# sheepshead are here I repeat the sheepshead are here



## RandyGuy (Dec 20, 2014)

Enough said. Will report after I'm done.


----------



## Emerald Ghost (Mar 11, 2008)

Looking forward to your report. These were caught yesterday, but they are still scattered over here.


----------



## RandyGuy (Dec 20, 2014)

There are some giants out here 5 to 12 lb fish no lie


----------



## cody&ryand (Oct 3, 2007)

I want to see the 12lb sheephead that's a good fish


----------



## CurDog (Nov 14, 2010)

RandyGuy said:


> There are some giants out here 5 to 12 lb fish no lie


where's "out here" ? Outside the Pass or inside the Pass at Bird Island?


----------



## ThaFish (Feb 27, 2013)

CurDog said:


> where's "out here" ? Outside the Pass or inside the Pass at Bird Island?

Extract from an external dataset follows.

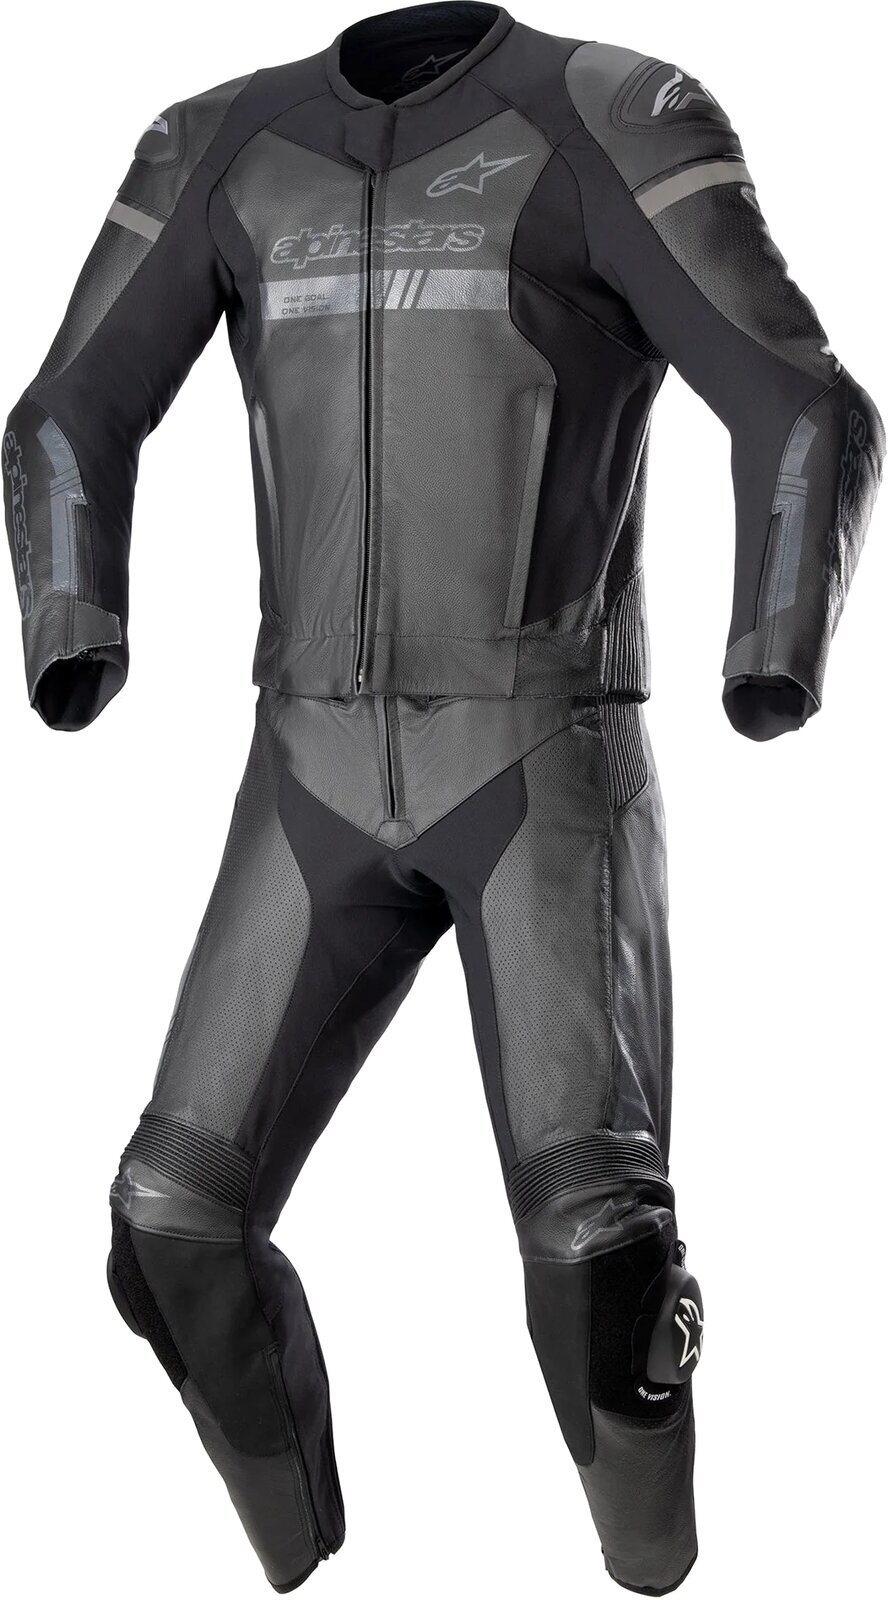 Zweiteiler Motorradkombis Alpinestars GP Force Chaser Leather Suit 2 Pc Black/Black 54 Zweiteiler Motorradkombis
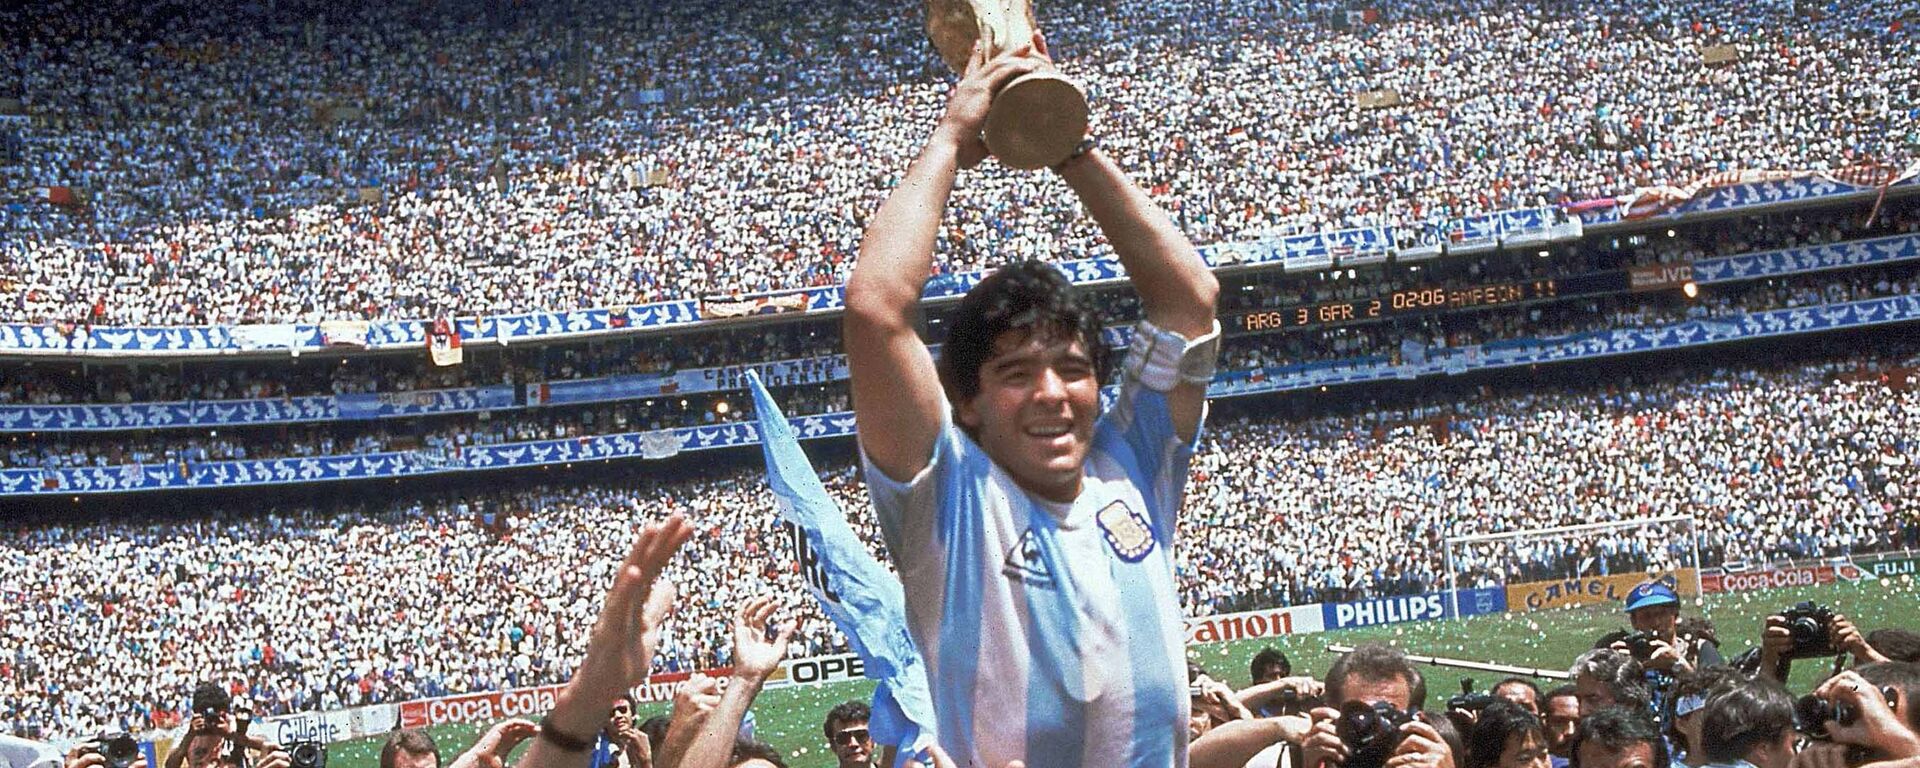 Dijego Maradona sa peharom svetskog prvaka na stadionu Asteka u Meksiko Sitiju 1986. - Sputnik Srbija, 1920, 25.11.2020

He's talking about Bob Sykes.


----------



## Yakavelli (Mar 17, 2010)

Espo would be all over this if it were a hunting report...


----------



## 24ft fishmaster (Apr 26, 2012)

Still waiting


----------



## RandyGuy (Dec 20, 2014)

Big fish


----------



## RandyGuy (Dec 20, 2014)

Only caught 2. 13"-15"
So I started by using split shots but realized they were not biting and the pinfish were taking my bait, so I free lined my crab down close to the pylon and the craziest thing happened. sheepshead swam off the pylon and inhaled my crab immediate hook up. After the first fish then all the other sheepshead started coming out from different places swimming under the bridge. About this time is when the big females started to feed on the pylon. If you look at the first picture you can see the end of the tail of that fish. So a 12 lb fish now becomes a 15 lb fish. This year it is going to call for some braid for those big fish. Tight lines everyone and don't just try crabs but also go out there with some live shrimp, you never know the bigger fish will take those in a heart beat.


----------



## LIM-IT-OUT (Aug 26, 2014)

catch'em up


----------



## Dunt (Aug 14, 2015)

Raw oyster on a dropshot hook... bam...


----------



## Smarty (Nov 23, 2008)

ThaFish said:


> He's talking about Bob Sykes.


Dang it youngun! There are NO fish there. I repeat, there are no fish there at all. Ah heck. What do I care anyhow. Cold weather will be here this weekend and most will not be out there hooking up with some good eats. It's that time of year again


----------



## RandyGuy (Dec 20, 2014)

Hey smarty I have no reason to lie. What I saw with my eyes would blow your mind at how big these fish will be this year.


----------



## Smarty (Nov 23, 2008)

There are no Stingray either, I swear!


----------



## ThaFish (Feb 27, 2013)

Smarty said:


> There are no Stingray either, I swear!


Hey Smarty, what kind of potato did you use to take those pictures?


----------



## RandyGuy (Dec 20, 2014)

Only saw one stingray but he was swimming at the top.


----------



## Jason (Oct 2, 2007)

Look like goodens to me!!! I reckon the bridges will be full now!!!


----------



## advobwhite (Nov 22, 2012)

Anybody eat the rays around here? I have heard good things about the wings if you take the time to clean them and prepare them correctly. I also know they are of course some of the best shark bait you can find


----------



## Ocean Master (May 20, 2008)

January and February are the best months for them especially on Bob Sikes. When I fished for them 20 to 30 a day was common.


----------



## RandyGuy (Dec 20, 2014)

Caught 1 lost 1 yesterday


----------



## dmckinnon07 (Sep 4, 2012)

Time to bring out the bow. Hopefully the target practice on mullet pays off. I have already seen a few at wahoo park " my stop on the way home from work" but I want the fat sheepies


----------